There seemed to be a strong feeling in the room that permitting platform data in driver model is a mistake. Reasons mentioned were:
- device tree is how things are done in Linux at least for most
platforms we support
- we can therefore import this directly in from Linux rather than
writing new platform data
- platform data is considered 'legacy' and we should not support
legacy features in a new framework
- device tree permits fully abstracting the device data from the code,
avoiding #ifdefs
- it is easier to change settings in device tree than in platform data
The main impact is that all boards would need at least some sort of device tree when they move to driver model.

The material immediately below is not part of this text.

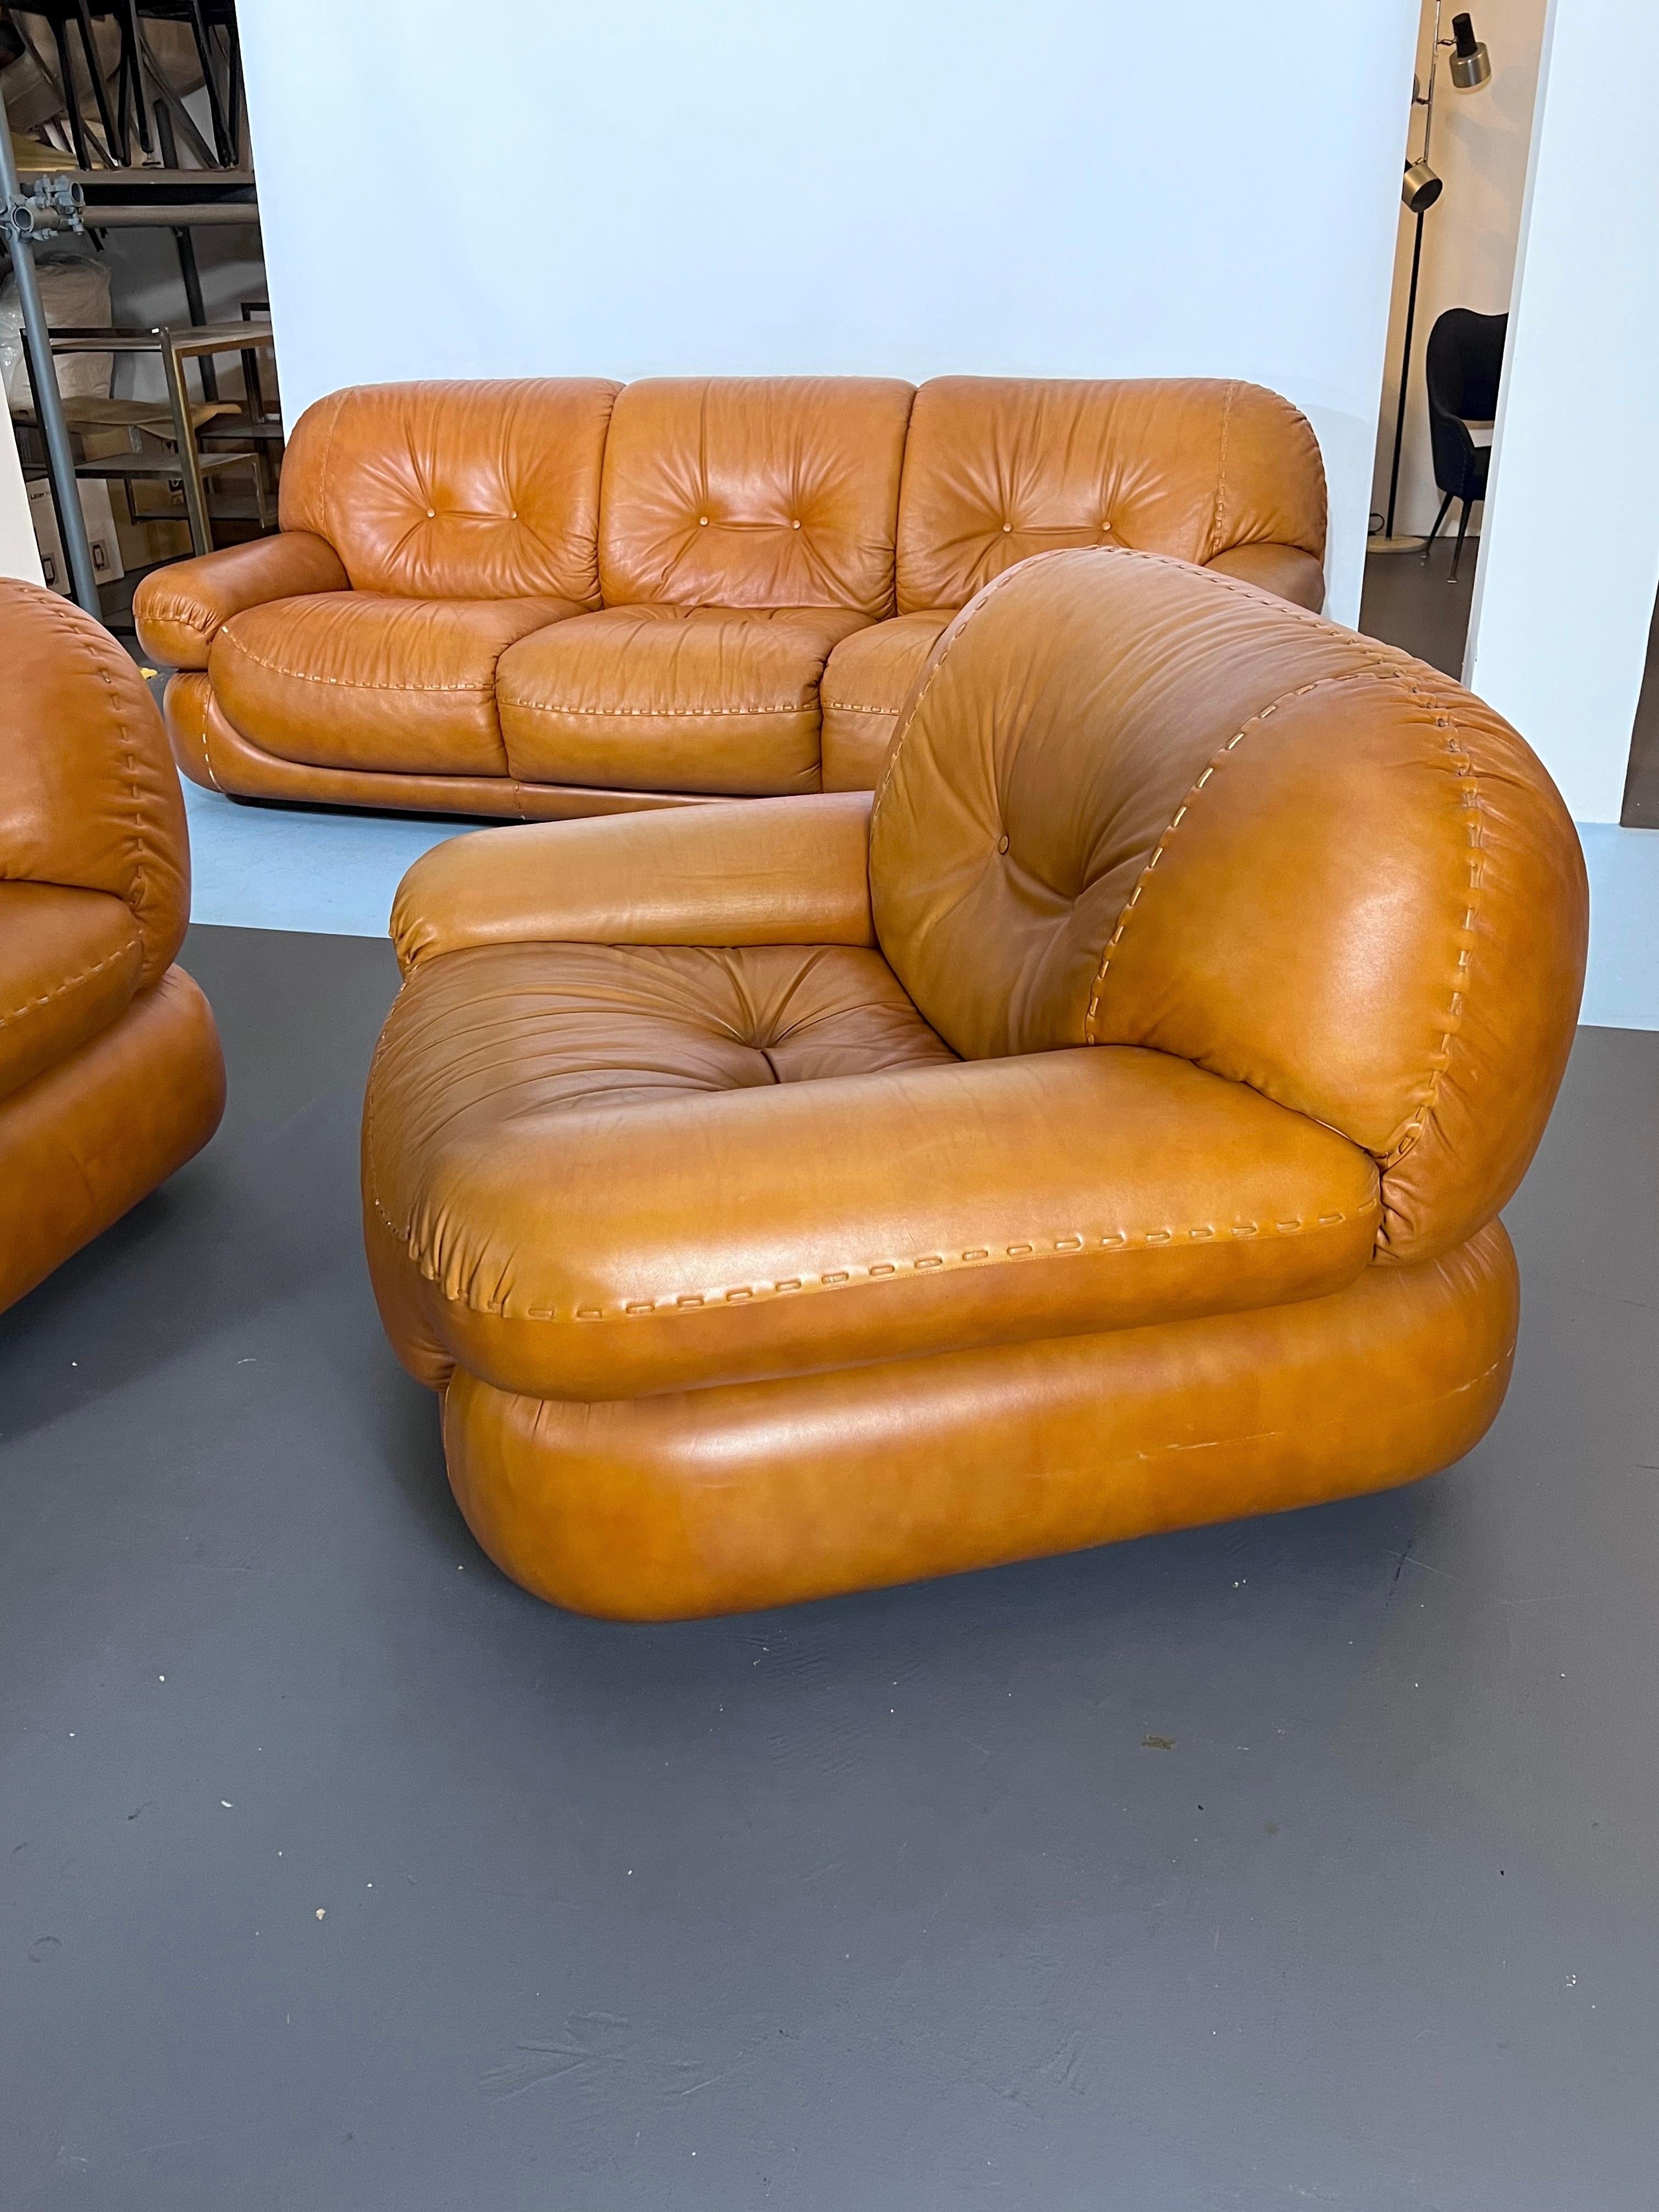 Vintage Sofa Set in Cognac Leather by Sapporo for Mobil Girgi, Italy, 1970s For Sale 1

There is also the question of SPL, where we are sometimes space-constrained. If we go with this policy I wonder if we should permit an exception for things required by SPL for now? Typically in SPL for these space-constrained platforms we only need a few devices so we could provide platform data for SPL while still using device tree in U-Boot It would be possible to enable device tree in SPL for many platforms but that feels like something that should not block progress. So perhaps platform data in SPL should be a separate question.
Please have a think about this and reply on this thread.
Well, I believe we should allow to use platform data on Normal as well as SPL.
Device Tree is costly in terms of the binary size (it needs to build lib/libfdt and some other files), so we should keep it optional.
I see no benefits of using device tree on U-boot for architectures that do not support it in Linux.